John Coutts profile picture

27 August 2019

John Coutts
Policy Advisor - Governance
NHS Providers


 

There is a commonly held view that organisational altruism isn’t possible for NHS foundation trusts and that they have a legal obligation to put the organisation first. This perception is based on Paragraph 18A of the Schedule 7 of the National Health Service Act 2006 as amended by the Health and Social Care Act 2012 (the amended Act) which reads: "The general duty of the board of directors, and of each director individually, is to act with a view to promoting the success of the corporation so as to maximise the benefits for the members of the corporation as a whole and for the public."

 

This paragraph is itself a derivation of Section 172 of the Companies Act 2006. Until recently companies have taken a narrow interpretation of Section 172 to mean that maintaining or increasing share value, even in the shorter term is paramount. This has led to an equally narrow view of Paragraph 18A: that foundation trusts need to maximise the healthcare benefits for the public in their immediate locale: that there is a legal obligation for the local to take precedence over broader regional and system needs. However there appears to be a change in the way company law is being interpreted, with a broader view about what maximising shareholder benefit actually means. Perhaps it is timely therefore to consider whether we have been wrong about the emphasis we place on supposed legal constraints on foundation trusts.

Doesn't success depend on relationships outside the organisation as well as inside, relationships that can only be fostered by positive interaction? Doesn't the success of the corporation also mean playing a major role with positive outcomes in the region and system so that services to a broader public are improved or sustained?

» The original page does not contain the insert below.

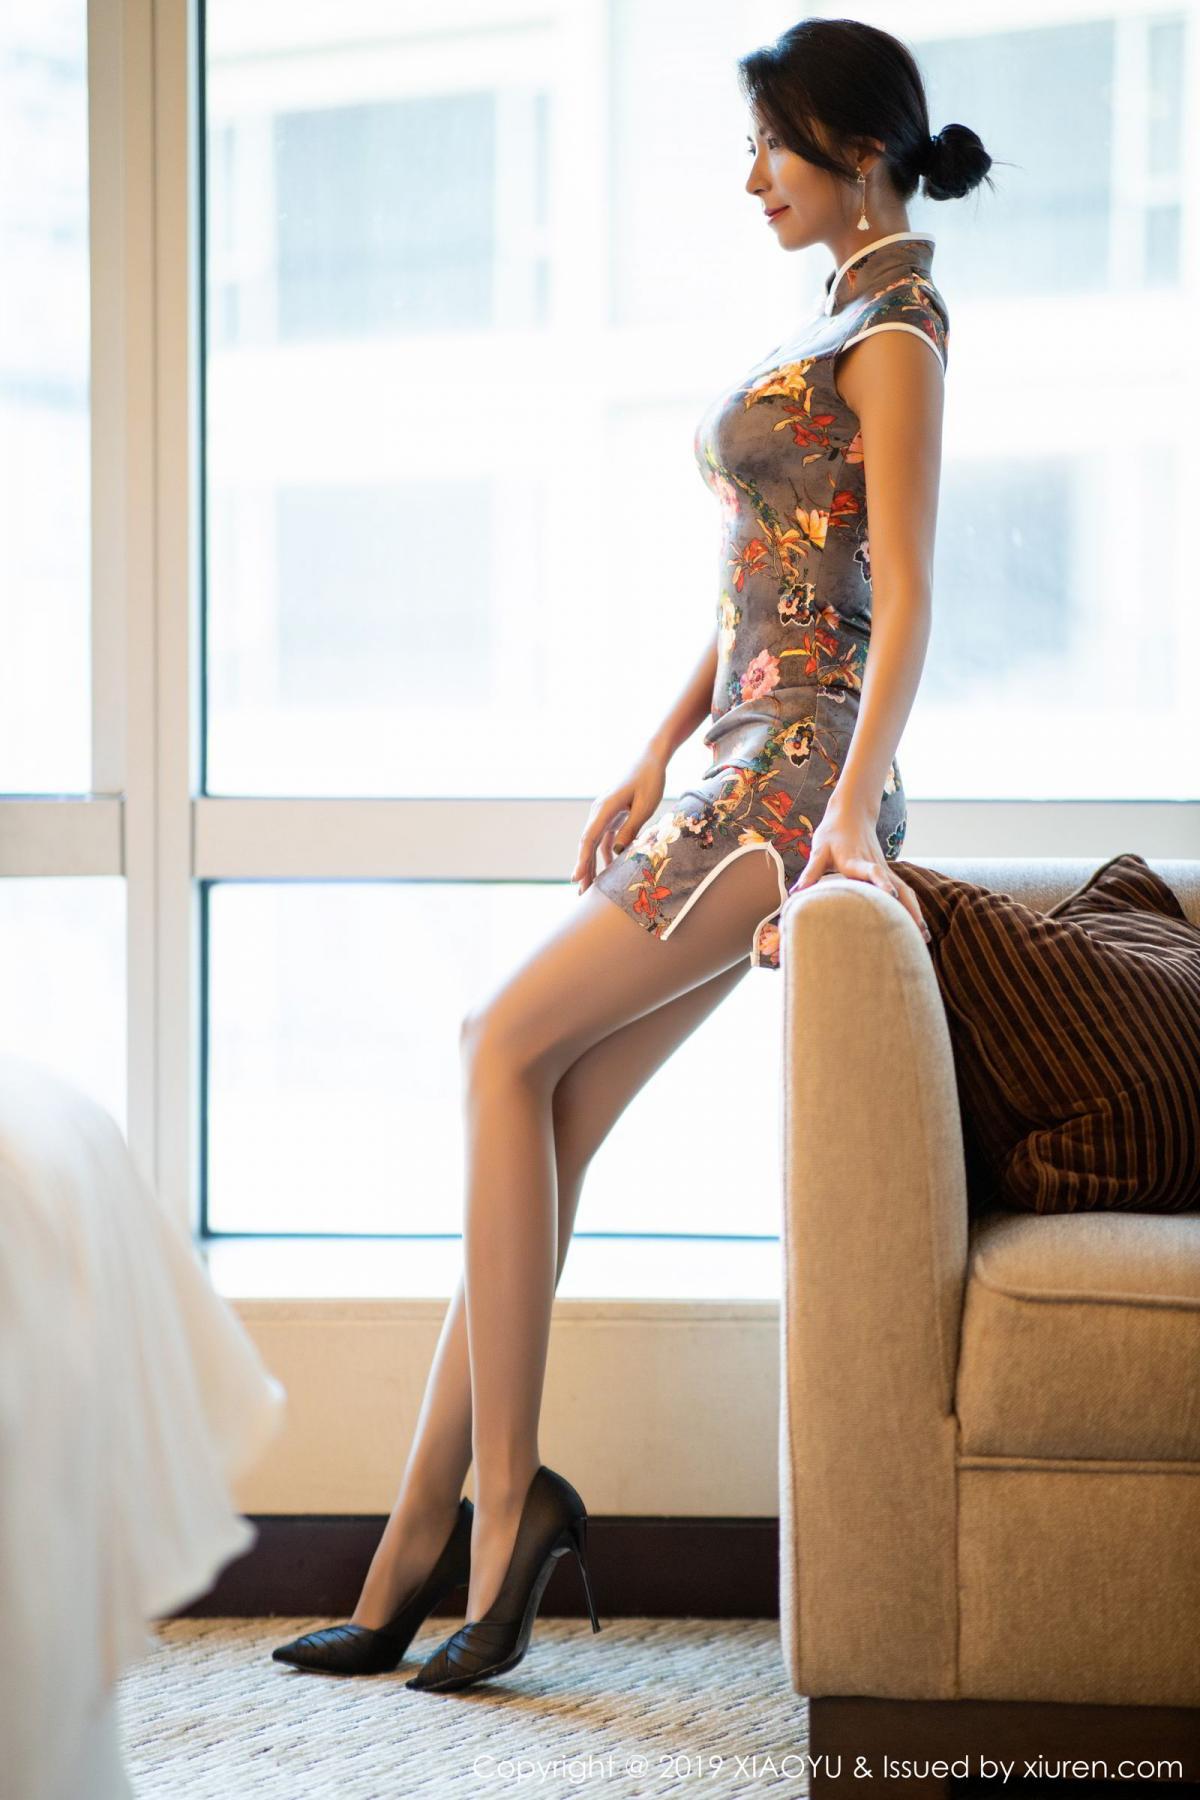 [XiaoYu] Vol.196 Chen Liang Ling 1P, Chen Liang Ling, Cheongsam, Temperament, Underwear, XiaoYu

John Coutts    Policy Advisor - Governance

 

First we have to ask ourselves what "promoting the success of the corporation" actually means. Just as a broader view of company law has led to factors other than share value being taken into account in assessment of whether directors are fulfilling their roles, for foundation trusts we need to move beyond just considering local issues in isolation from relationships across a wider geography. Doesn't success depend on relationships outside the organisation as well as inside, relationships that can only be fostered by positive interaction? Doesn't the success of the corporation also mean playing a major role with positive outcomes in the region and system so that services to a broader public are improved or sustained? Doesn’t success mean working effectively with the centre and with regulators so that the NHS can share what is good and deal with what is not? Doesn’t it mean managing risk that is common to the trust and its neighbours and can only be dealt with in collaboration? If these things are true, and we think they are, then "promoting the success of the corporation" should be no barrier to system working because constructive interaction with the NHS is part and parcel of what success means.

 

What about "maximising the benefits for members and the public?" First we need to ask: who are members and what is our public? Many, if not all foundation trusts have a 'rest of England' constituency for their memberships. This is quite legitimate: trusts in Cornwall, Cumbria or Cheshire may be used by holidaymakers; any trust near a motorway or in a city might be serving patients from anywhere at all; many trusts offer specialised services drawing on a patient base beyond their local area. A case can be made for every foundation trust to have a rest of England membership, so anyone could be a member. It follows that the 'public' is anyone the trust might serve – in other words everyone. This leads to the inevitable conclusion that foundation trusts would be remiss in their duties if they did not take a broader view of delivering patient benefits across their region, system and further afield.

 

In cases where a foundation trust is proposing organisational altruism for the benefit of the broader public, but the decision is potentially controversial, boards will also want to ensure that any decision is as airtight as possible.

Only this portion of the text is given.